Die wichtigsten Indizien:
- Wo sollen denn die potentiellen ÖVP-Wähler hin gewandert sein, die angeblich von einer konservativeren Parteilinie massenweise abgeschreckt worden sind? Zu den roten und grünen Wahlverlierern? Zur Gruppe der Nichtwähler – die diesmal ebenfalls kleiner geworden ist? Vor lauter Empörung in Luft aufgelöst?
- Gibt es ein einziges Meinungsforschungsergebnis, das diese krude These beweisen könnte?
- Warum soll die – völlig gesetzeskonforme – Ausweisung einer Kosovo-Familie mit zwei Kindern plötzlich einen Sturm der Entrüstung bei den Medien auslösen, nachdem das die Medien nicht einmal mit ihrer jahrelangen Kampagne gegen die Abschiebung der Familie Zogaj geschafft haben?
- Wo ist denn die Meinungsumfrage veröffentlicht worden, die Frau Marek vor ihrem angeblichen Rechtsruck einen guten Wahlausgang prophezeit hätte?

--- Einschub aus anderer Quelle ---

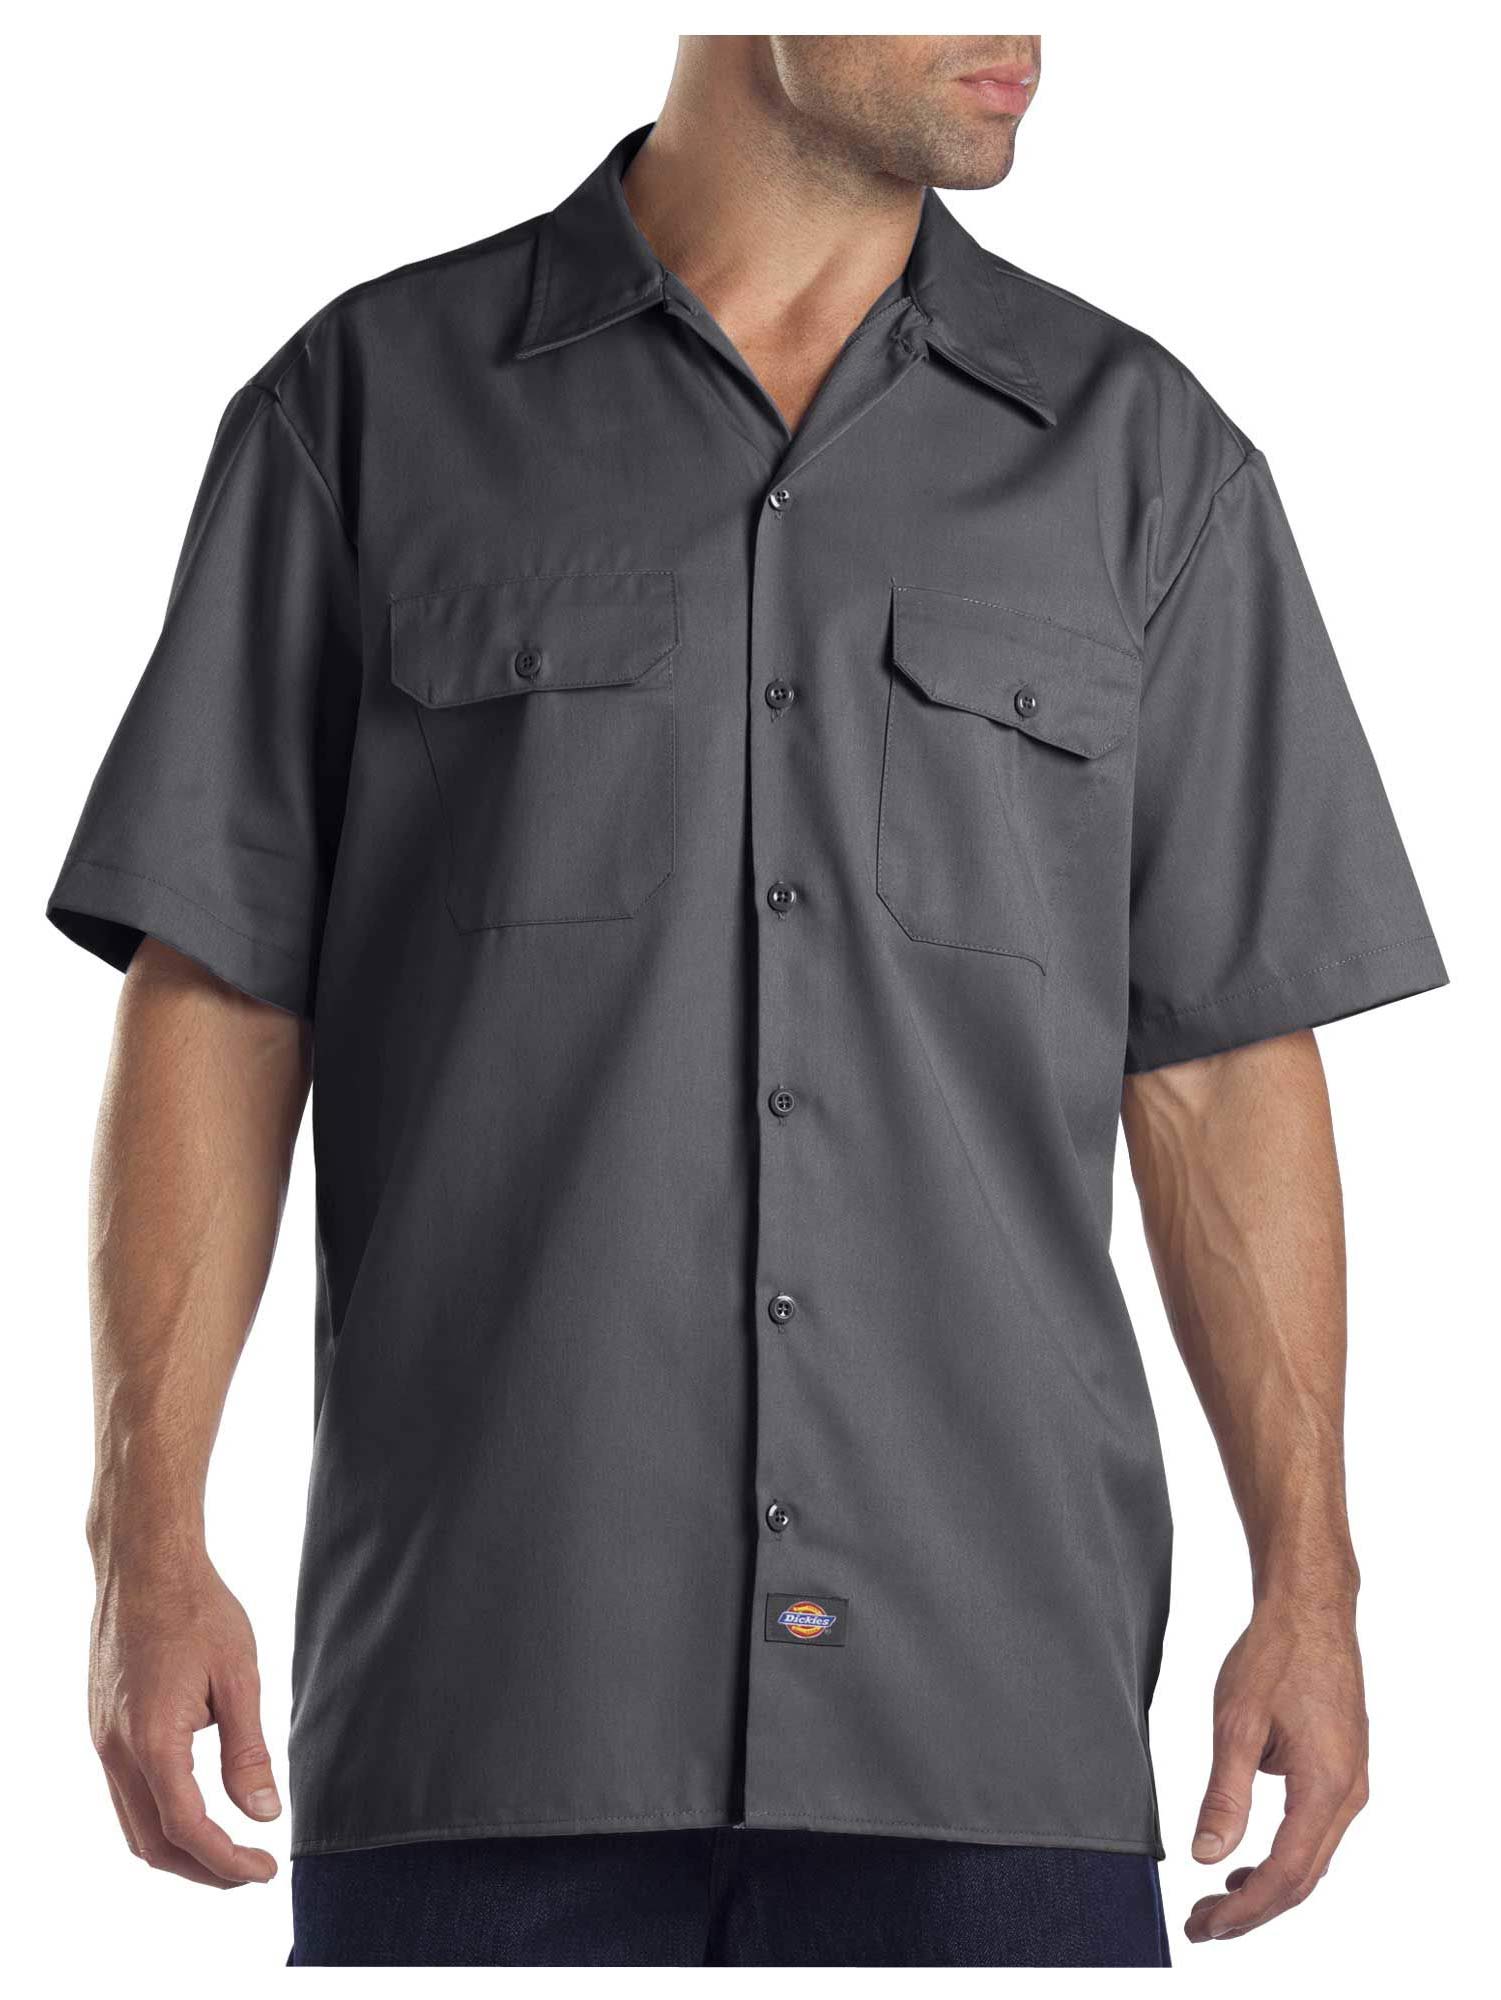 Dickies Original Fit Short Sleeve Button Front Work Shirt - 1574

- Warum soll es in Wien nicht genauso wie in jeder anderen Großstadt der Welt ein enorm großes Potential an konservativen Wählern geben, das durch zahllose Aktionen abgeschreckt worden ist? Und zwar im einzelnen:
- durch die Dummheit des VP-Wahlkampfs (von der „geilen“ Jugendkampagne bis zum abstrusen Häupl-Plakat);
- durch die brutale Marek-Absage an Meinungsfreiheit (Ausschluss des Akademikerbundes);
- durch die völlig unnötige Anbiederung an die Häupl-Partei (statt als bisherige Nummer zwei im Gemeinderat von der ersten Stunde an für einen Machtwechsel in Wien anzutreten);
- durch die jämmerliche Charakterlosigkeit der Marek-Inthronisation an der Landesparteispitze (die sich die Wiener VP von Josef Pröll einfach oktroyieren hat lassen, obwohl sie sich schon auf einen anderen Kandidaten geeinigt hatte);
- durch die lange Ungewissheit, ob die Wiener ÖVP wirklich gegen die von den bürgerlichen Wienern zutiefst abgelehnte Gesamtschule ist (die Marek-Aussagen dazu blieben bis zuletzt recht zweideutig);
- durch die überflüssige Absage an die FPÖ (die sich zuletzt um einen etwas gemäßigteren Wahlkampfstil bemüht hatte, mit der die ÖVP in anderen Bundesländern durchaus koalitionswillig ist und mit der als Koalitionspartner die Bundes-ÖVP den größten Wahlsieg ihrer Geschichte eingefahren hatte);
- durch den für Konservative besonders verstörenden leichtfertigen Umgang des Bundesparteiobmanns mit der Verfassung (zusammen mit dem SPÖ-Chef in Sachen Budget);
- durch das für Wirtschaftsliberale besonders verstörende schwarze Umfallen in Sachen Steuererhöhung (im Gegensatz zu monatelangen Versprechungen hat Josef Pröll im Frühjahr der SPÖ plötzlich zugesagt, dass 40 Prozent des Defizitabbaus durch Steuererhöhungen erfolgen wird – und das in einem Land mit einer der höchsten Steuerquoten der Welt, während anderswo konsequent und effizient eingespart wird, samt der Hinschlachtung Heiligster Kühe);
- durch die Verschleuderung von zusätzlichen 160 Steuermillionen an den rot-grünen Kampfsender ORF;
- durch die Einführung von Schwulenehe und Mindestsicherung;
- durch die Tatenlosigkeit der gesamten ÖVP angesichts der strafrechtlich mehr als bedenklichen Bestechung von Boulevardmedien durch die SPÖ mit Steuermillionen.
Tut alles nichts. Die Fekter ist schuld. Und nicht all die Fehler von Marek und Pröll.
PS: Überraschend viele bürgerliche Wähler haben sich auch an die eiskalte Reaktion der Bundes-VP erinnert, als diese ihre EU-Stimme für Otmar Karas ignoriert hatte.